The last time we wrote about Berkshire was on November 25th, 2016. Almost nine months ago, while the stock was trading slightly below $160 a share, Elliott Wave analysis suggested the bulls should be able to reach $170, only to complete the five-wave impulse pattern, which has been in progress since the low in 2009. According to the theory, every impulse is followed by a three-wave correction in the opposite direction.

BRK.B is already approaching the $180 mark, so obviously we underestimated the strength of the uptrend. But does this mean the overall outlook has changed and we should no longer expect a decline? The updated chart below might help us find out.
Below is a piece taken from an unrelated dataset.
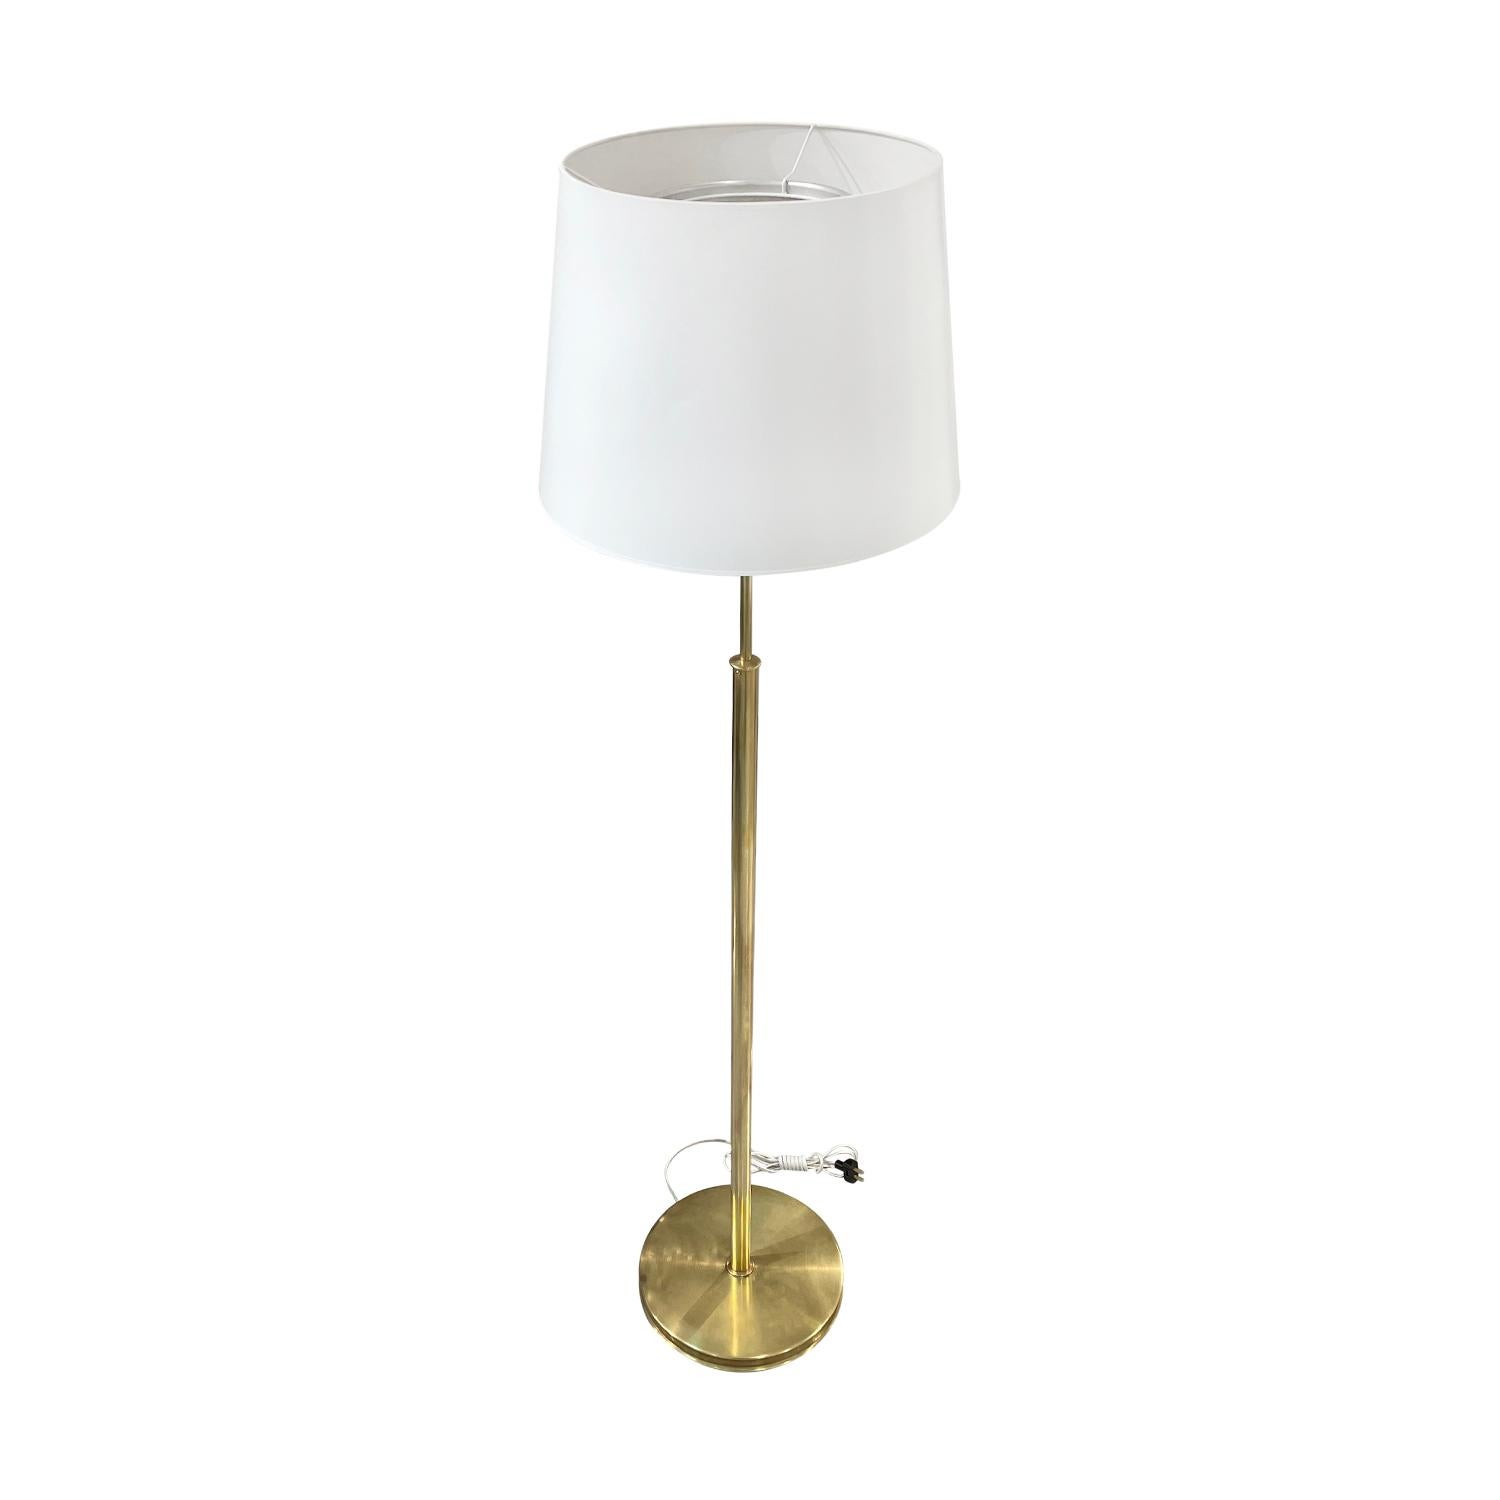 Hand-Crafted 20th Century Swedish Svenskt Tenn Brass Floor Lamp, Vintage Light by Josef Frank For Sale

berkshire monthly elliott wave chart

The monthly chart of Berkshire stock shows that the entire advance since March 2009 still looks like a textbook impulse. Furthermore, the relative strength index shows the typical bearish divergence between waves (5) and (3), indicating the bulls are slowly but surely running out of power.

Usually, the negative phase of the cycle drags the price back to the support area of the fourth wave. Here, this means that once wave (5) ends, BRK.B stock should plunge to the zone between $130 and $120 a share. What is left of wave (5) then?

berkshire elliott wave analysis monthly chart

The weekly chart above allows us to take a look at the wave structure of wave (5). As you can see, it too looks like a complete five-wave pattern. The sub-waves of wave 3 of (5) are also clearly visible. And, just like on the previous chart, the RSI indicator shows a bearish divergence between the last two high in wave 5 and 3 of (5).

Even the best of companies, one of which Berkshire Hathaway undoubtedly is, are not immuned to market declines, as the 2007-2009 period clearly demonstrated. Long-term shareholder should probably stay true to they philosophy and hold BRK.B no matter what, but for those, who are yet to join Mr. Buffett’s boat, $180 might turn out to be a very inappropriate level to buy in.